According to the multiple local feature vectors of global feature vector sum of the human face region, it is corresponding to obtain described image Face feature vector.

In a kind of possible implementation, feature extraction is carried out to the human face region, obtains the human face region Multiple local feature vectors, including：

Determine the key point position in the human face region；

Multiple regional areas are intercepted from the human face region according to the key point position；

Feature extraction is carried out to the multiple regional area respectively, obtains the multiple local feature vectors.

It is the multiple local special according to the global feature vector sum of the human face region in a kind of possible implementation Sign vector, obtains face feature vector corresponding to described image, including：

The multiple local feature vectors of global feature vector sum of the human face region are spliced, after obtaining splicing Characteristic vector；

Dimensionality reduction is carried out to the spliced characteristic vector, obtains face feature vector corresponding to described image.

In a kind of possible implementation, face feature vector corresponding to each two field picture is synthesized, obtained Face feature vector corresponding to the video, including：

Face feature vector corresponding to each two field picture is synthesized by Recognition with Recurrent Neural Network, obtains the video Corresponding face feature vector.

According to the second aspect of the embodiment of the present disclosure, there is provided a kind of expression recognition apparatus, including：

Acquisition module, the multiple image included for obtaining video；

Extraction module, for carrying out feature extraction respectively to each two field picture, it is special to obtain face corresponding to each two field picture Sign vector；

Synthesis module, for being synthesized to face feature vector corresponding to each two field picture, obtain the video pair The face feature vector answered；

Identification module, Expression Recognition is carried out for the face feature vector according to corresponding to the video.

In a kind of possible implementation, the extraction module includes：

Acquisition submodule, for obtaining the human face region in image；

First extracting sub-module, for carrying out feature extraction to the human face region, obtain the entirety of the human face region Characteristic vector；

Second extracting sub-module, for carrying out feature extraction to the human face region, obtain the multiple of the human face region Local feature vectors；

Submodule is handled, for the multiple local feature vectors of global feature vector sum according to the human face region, Obtain face feature vector corresponding to described image.

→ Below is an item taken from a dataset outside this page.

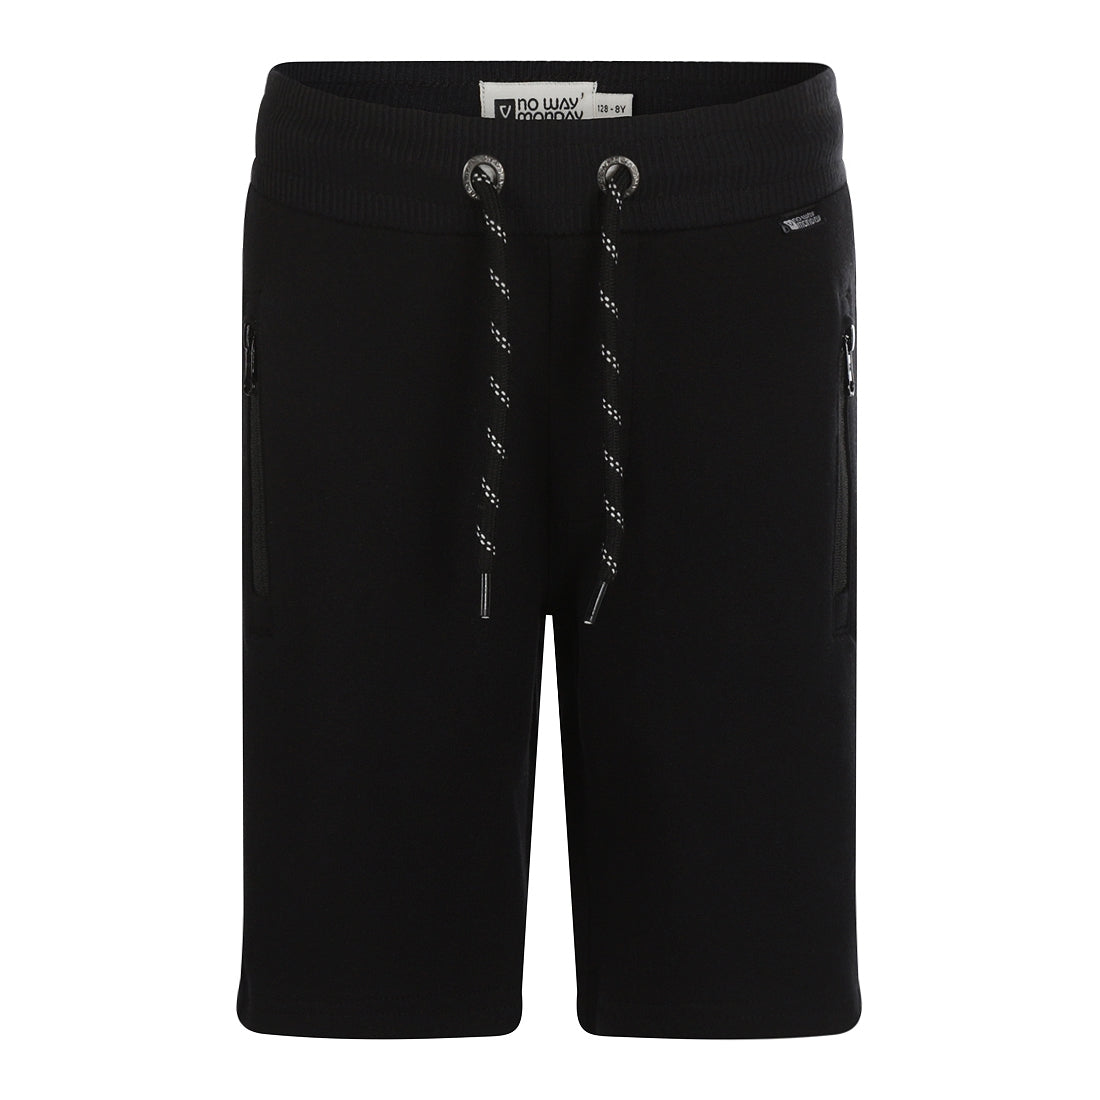 Jongens Jogging shorts van No Way Monday in de kleur Black in maat 164.

In a kind of possible implementation, second extracting sub-module includes：

Determination sub-module, for determining the key point position in the human face region；

Submodule is intercepted, for intercepting multiple regional areas from the human face region according to the key point position；

Extracting sub-module, for carrying out feature extraction to the multiple regional area respectively, obtain the multiple local special Sign vector.

In a kind of possible implementation, the processing submodule includes：

Splice submodule, for the multiple local feature vectors of the global feature vector sum of the human face region to be carried out Splicing, obtains spliced characteristic vector；

Dimensionality reduction submodule, for carrying out dimensionality reduction to the spliced characteristic vector, obtain face corresponding to described image Characteristic vector.

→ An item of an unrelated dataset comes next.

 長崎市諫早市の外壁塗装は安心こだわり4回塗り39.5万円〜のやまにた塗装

In a kind of possible implementation, the synthesis module is used for：

According to the third aspect of the embodiment of the present disclosure, there is provided a kind of expression recognition apparatus, including：

Processor；

For storing the memory of processor-executable instruction；

Wherein, the processor is configured as performing above-mentioned method.

According to the fourth aspect of the embodiment of the present disclosure, there is provided a kind of non-volatile computer readable storage medium storing program for executing, deposit thereon Computer program instructions are contained, the computer program instructions realize above-mentioned method when being executed by processor.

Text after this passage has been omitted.